# Provided data
*** Begin section ***
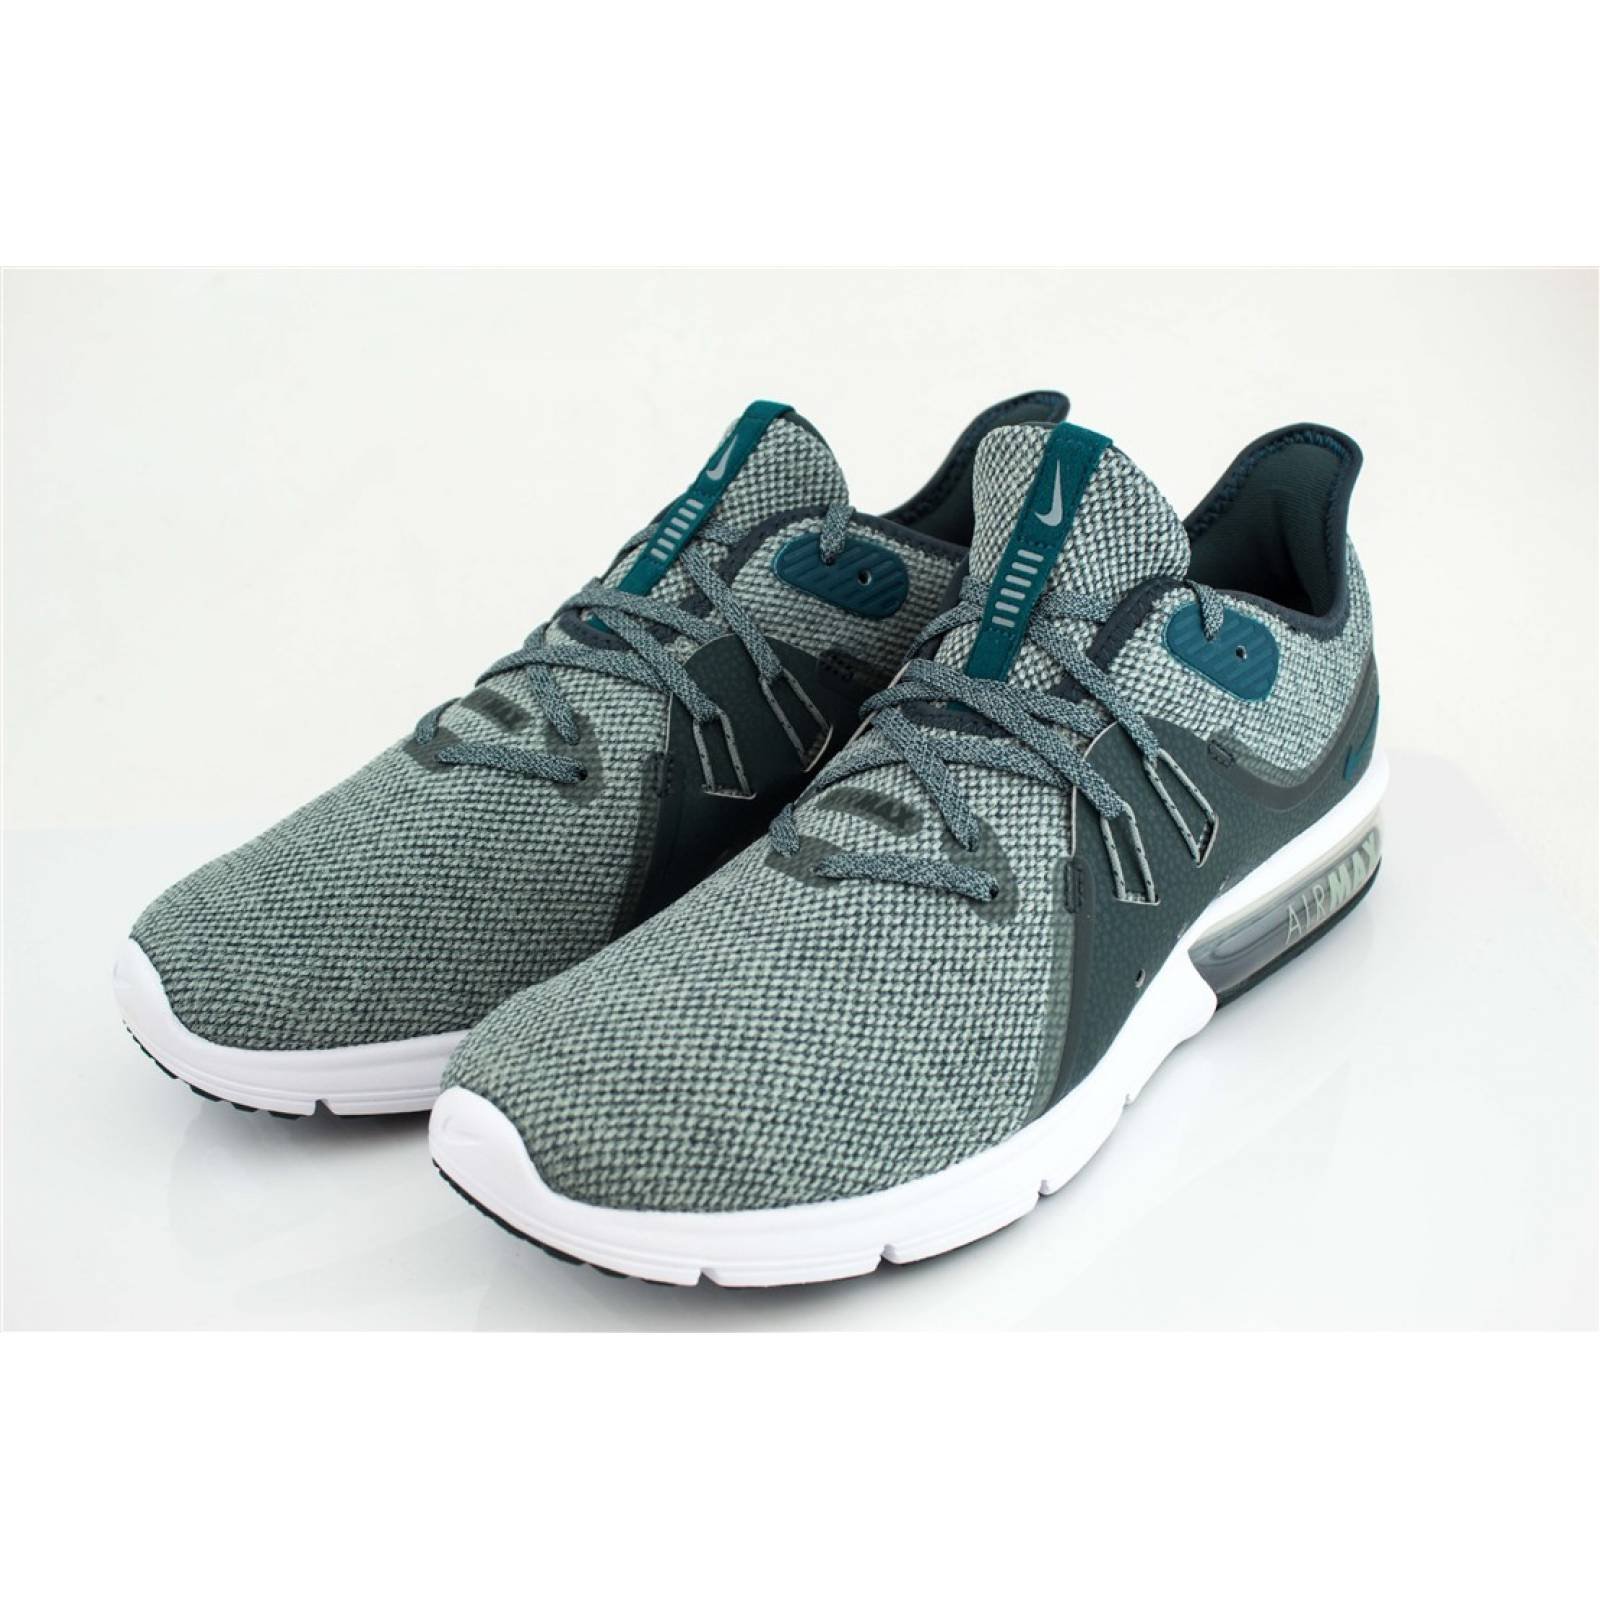 tenis nike air max sequent 3 color verde con blanco
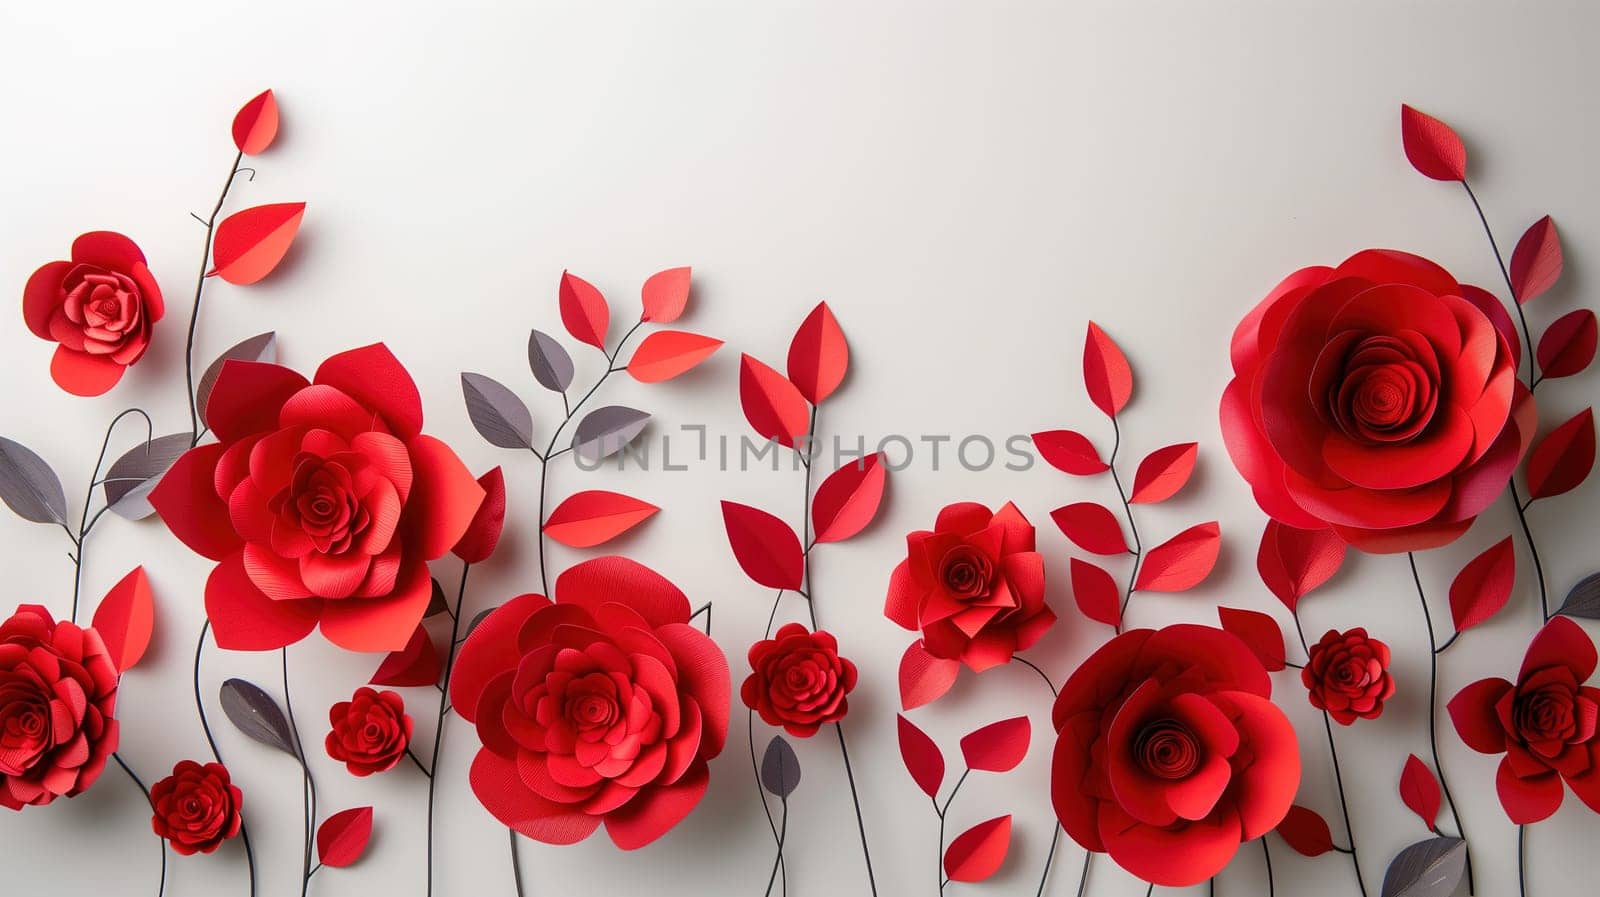 Red Paper Flowers Adorning White Wall by TRMK
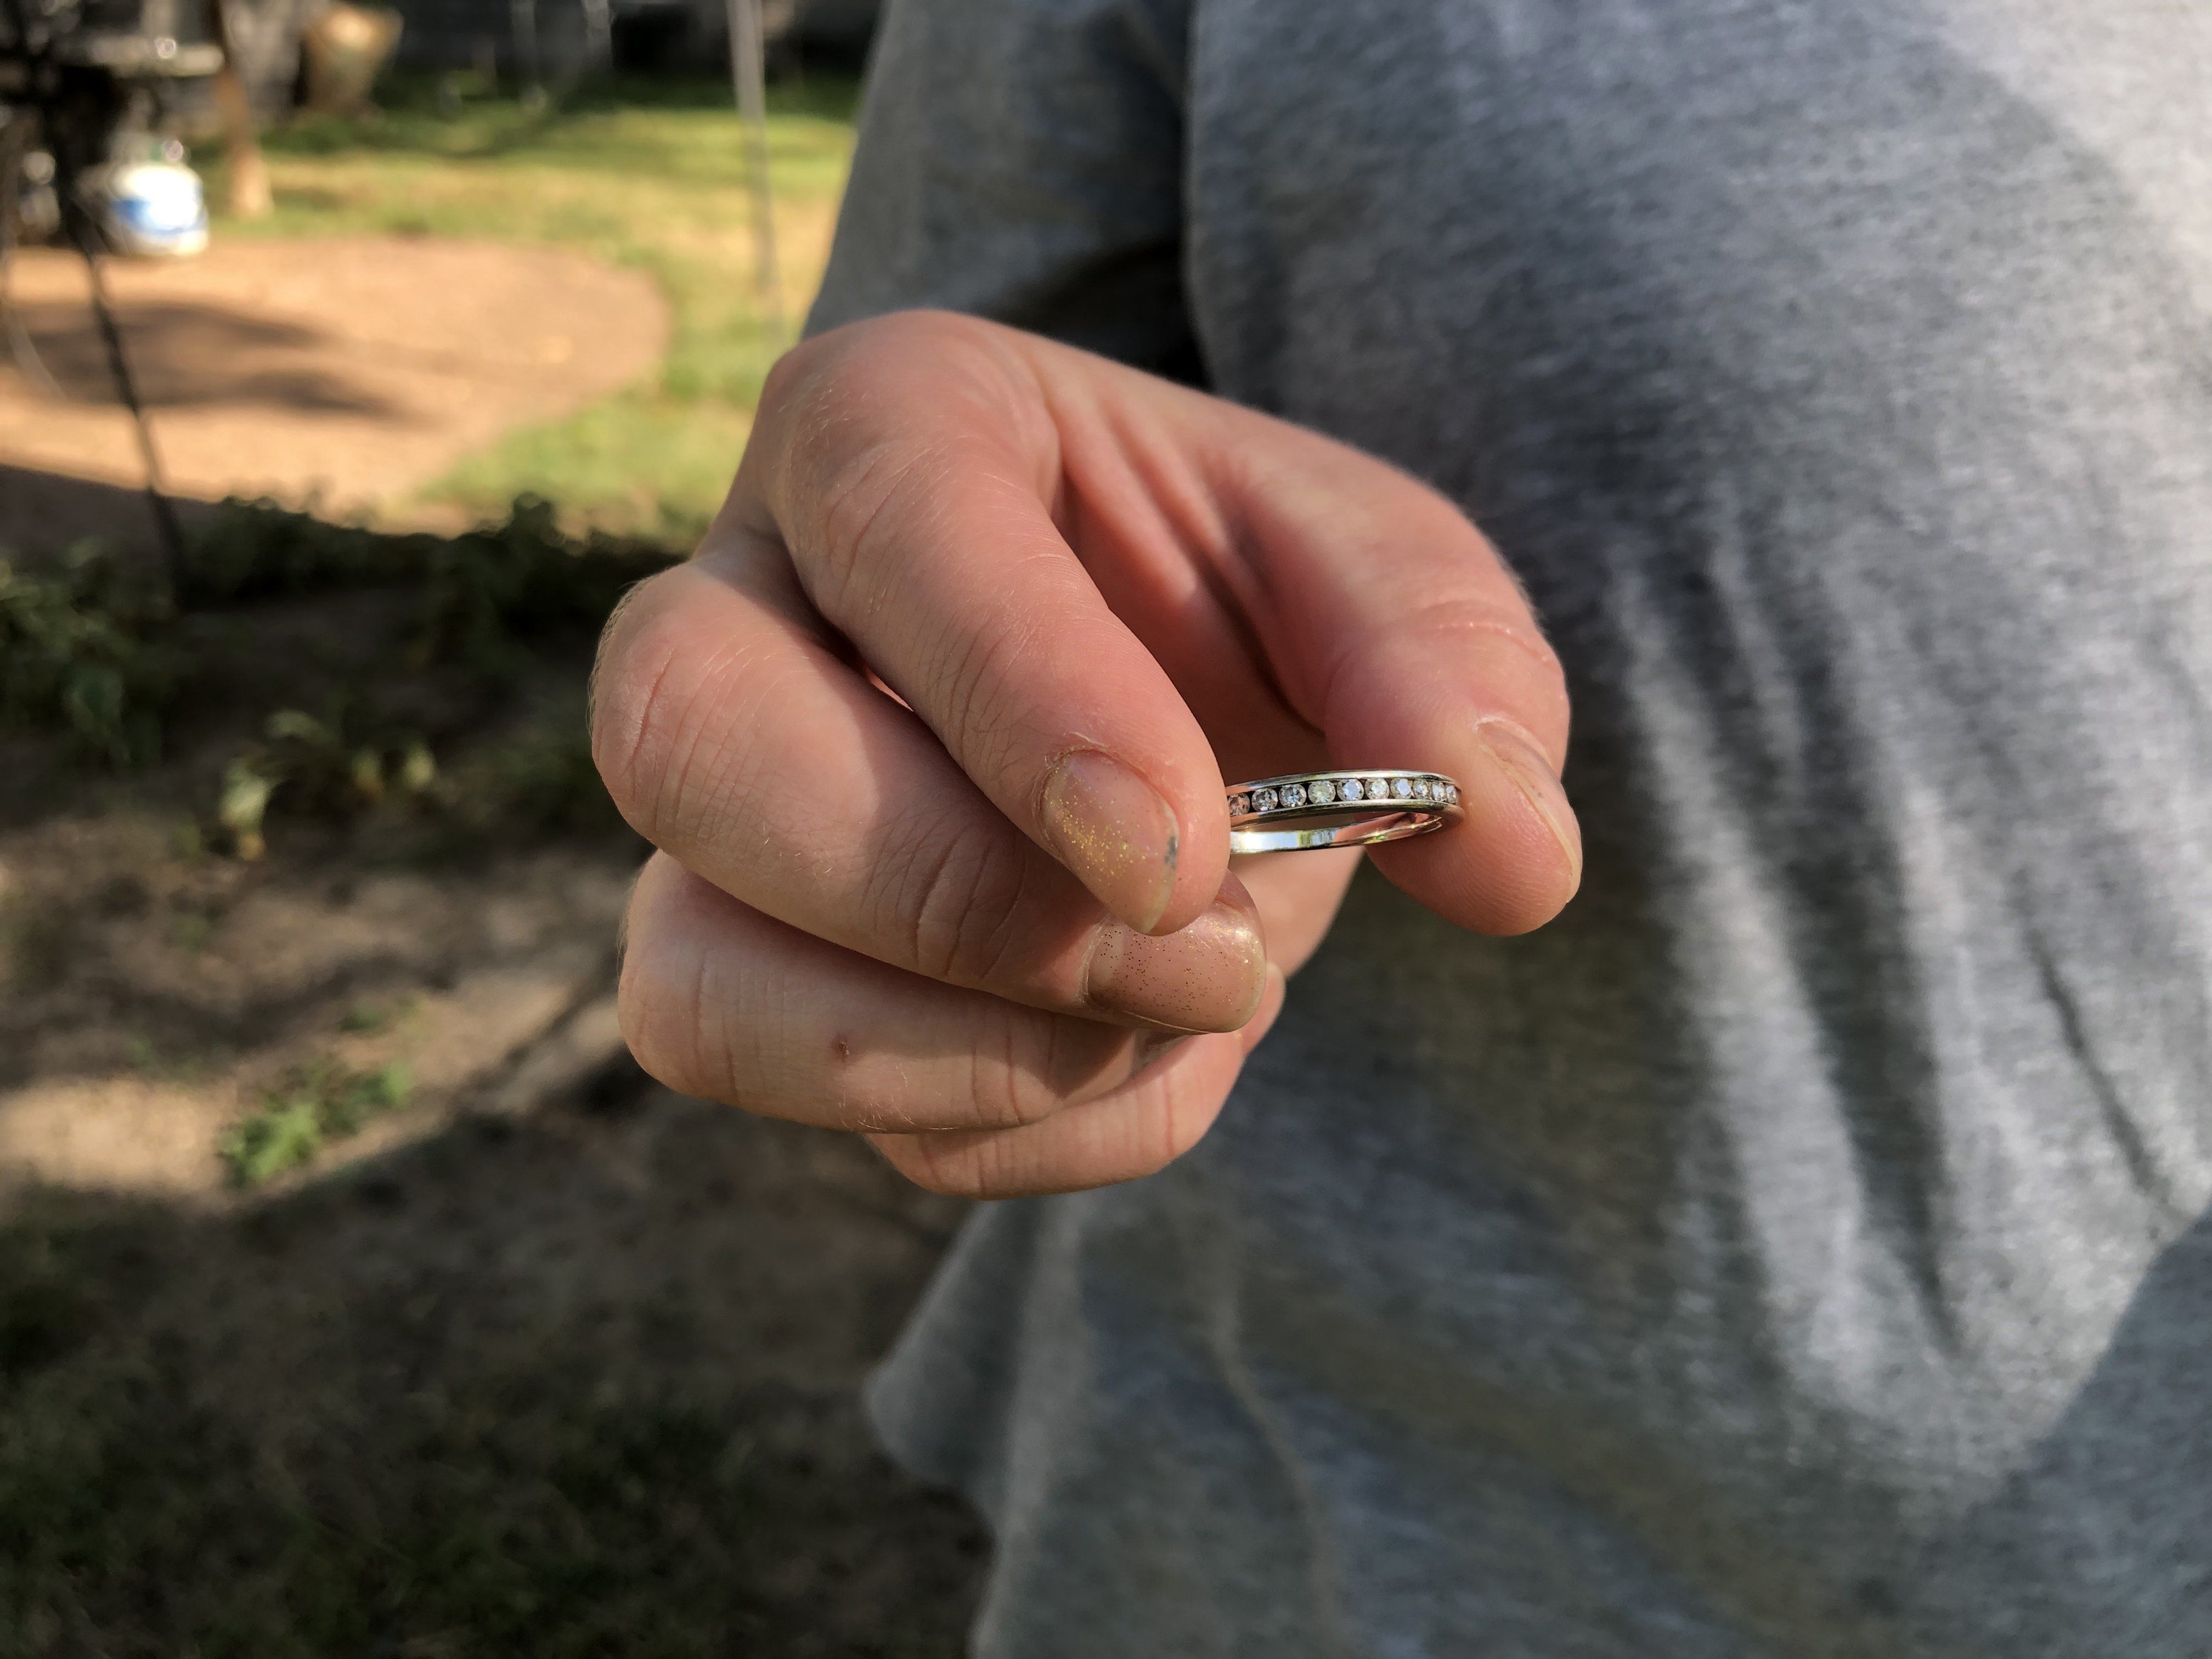 Small Gold Ring Found In Merriam, Kansas - Owners Very Happy
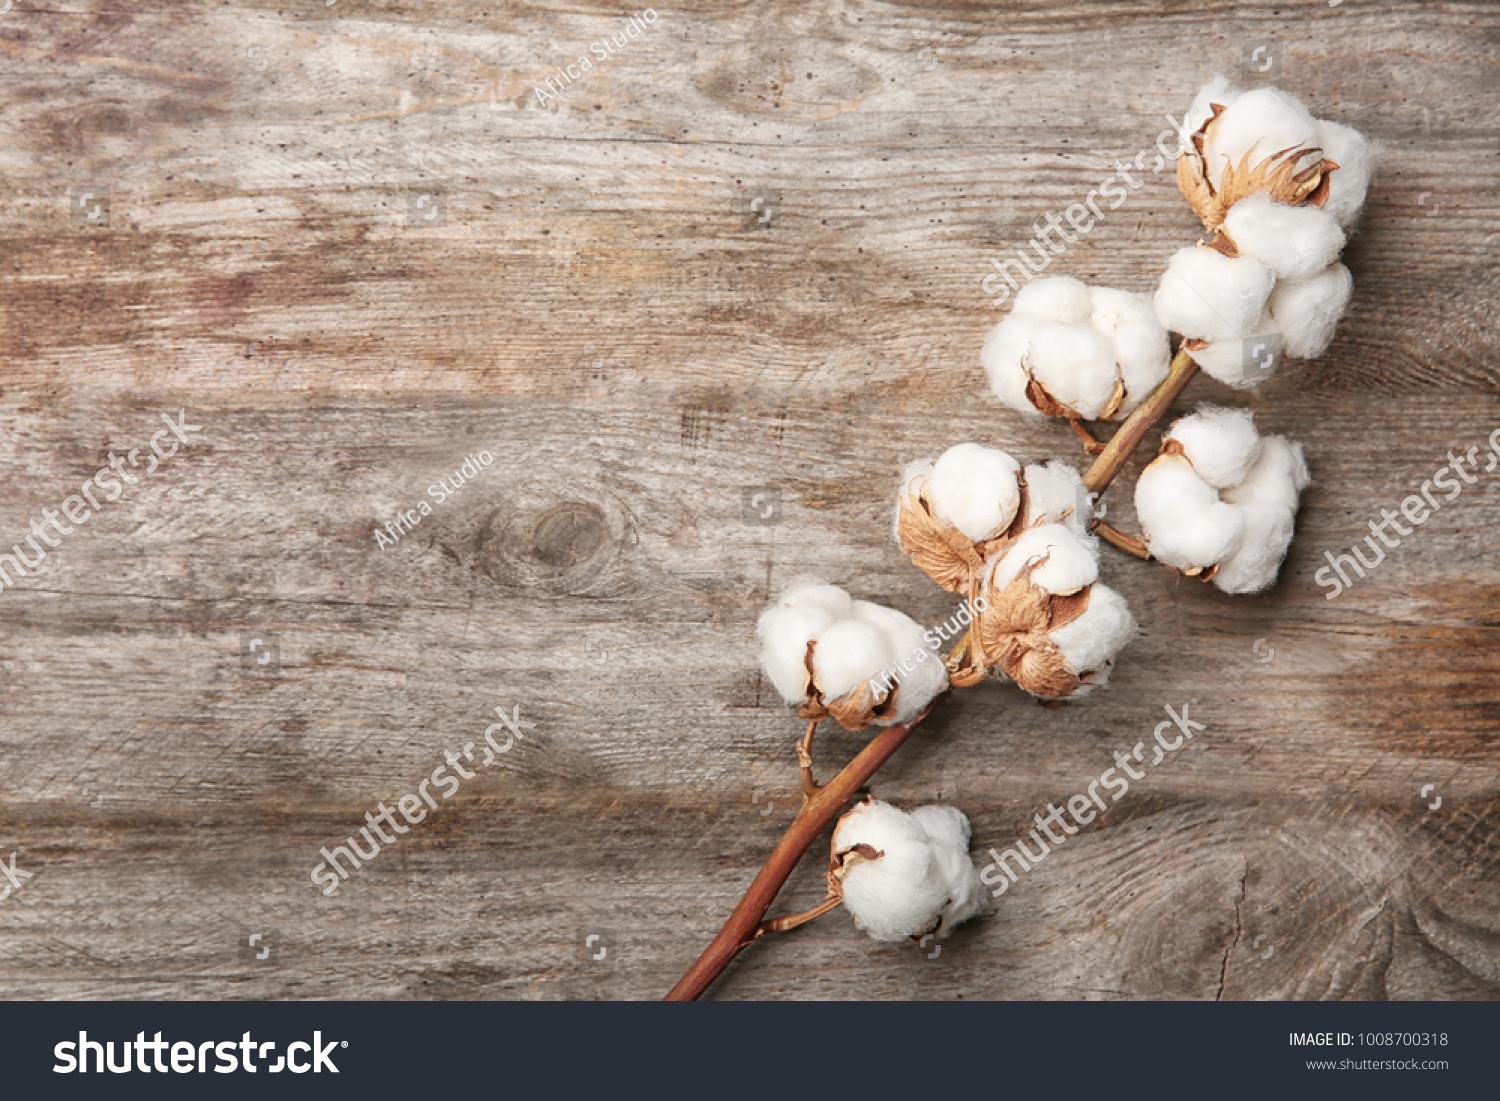 Cotton flowers on wooden background #1008700318
*** End section ***
# What is required
Skip the pictures. Write out exactly the lines from the one with "Small Gold Ring" through the last line of the listing, both ends included, and nothing more.

# Your solution
 Small Gold Ring Found In Merriam, Kansas - Owners Very Happy
 Cotton flowers on wooden background #1008700318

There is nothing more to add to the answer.